What Will the Outcome of the US Election Mean for the American Left?
by Micah Uetricht
19 October 2020
Over the past four years, the American left has been reborn. The rising anger at exploding inequality, indebtedness and general misery in the country found a political expression in Bernie Sanders’s two presidential campaigns.
Those campaigns produced the rise of an American socialist movement for the first time in half a century through the Democratic Socialists of America (DSA), along with likeminded groups like the Sunrise Movement, a principal force advocating for a Green New Deal, and the progressive electoral group Justice Democrats.
Before Sanders’s presidential campaign, he was the only self-identified socialist in congress — with few to be found in state and local offices. Now, DSA members like Reps. Alexandria Ocasio-Cortez and Rashida Tlaib have been elected to the House of Representatives, while around 100 socialists have won office further down the ticket: six socialists on the Chicago city council, Julia Salazar and Jabari Brisport in the New York state senate, Lee Carter in the Virginia state legislature, along with many others.

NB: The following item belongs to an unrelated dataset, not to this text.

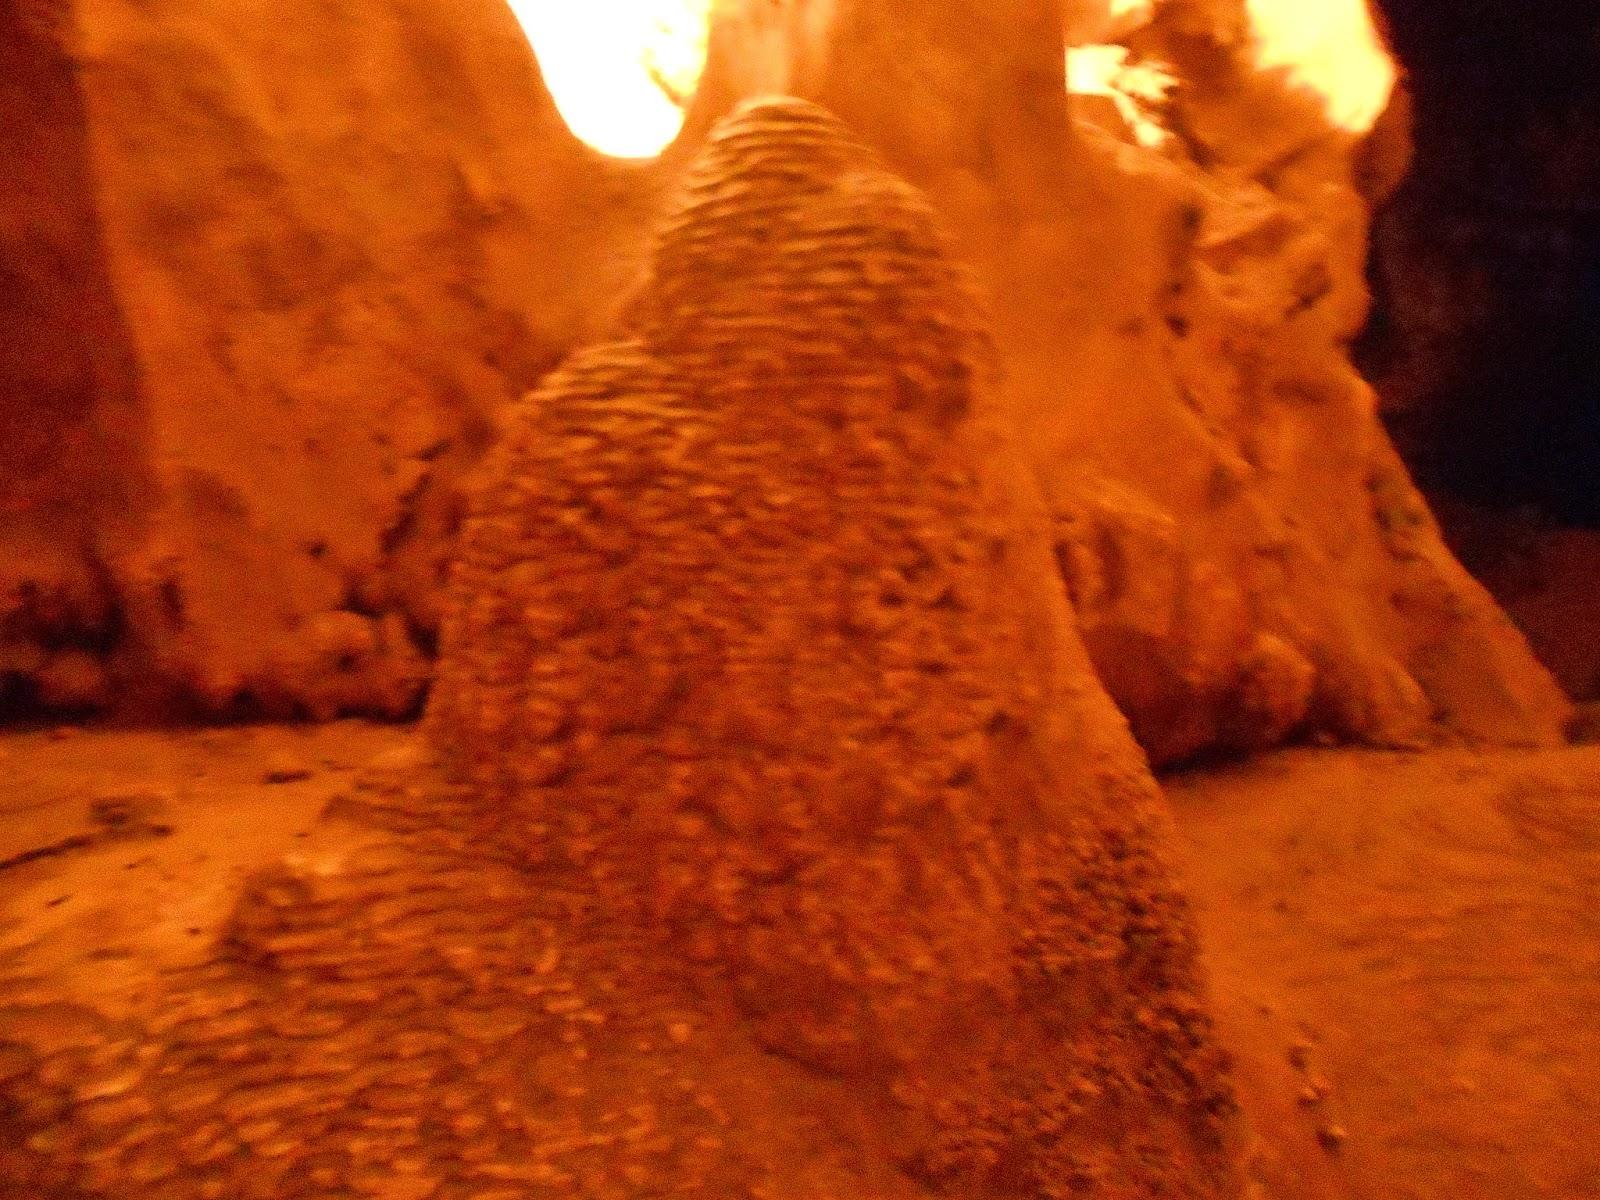 inside colossal cave tucson arizona cave tour

Meanwhile, DSA has worked in coalition with a wide range of organisations on numerous campaigns for labour unions, affordable housing, climate change, immigrant rights and every other major issue in American politics today.
But as heartening as that rebirth is, nobody should get carried away. The left has come a long way since 2016, but it’s a long way from almost nothing. As historian Matt Karp puts it: “The left, after Bernie, has finally grown just strong enough to know how weak it really is.”
No matter which candidate wins in next month’s presidential election, this reborn left won’t disappear. But the outcome will determine the terrain they will fight on.
Yesterday’s man, today.
At this point, the race’s most likely outcome is a Joe Biden victory. Any electoral prognosticator winces at articulating this, given that Hillary Clinton’s victory was also considered the most likely outcome in 2016 — and we all know how that turned out. However, with Americans having watched Trump in action for the last four years, capped off with Covid-19 denialism which resulted in his catching it just weeks before the election, all signs point to majorities not liking what they’ve seen.
While a Biden presidency would put the left on far more favourable terrain than under Trump, this isn’t because Biden has any left sympathies. On the contrary, he has been a key figure in nearly every step of the party’s rightward turn over the last half-century, from the Iraq war to the mass incarceration regime to even breaking with the party’s mainstream to flip-flop on abortion rights. In his book Yesterday’s Man: The Case Against Joe Biden, Branko Marcetic even goes as far as to say: “[T]he brand of liberal politics that he and much of the Democratic Party had pursued for decades created the ideal set of circumstances for [Trump] to come to power.”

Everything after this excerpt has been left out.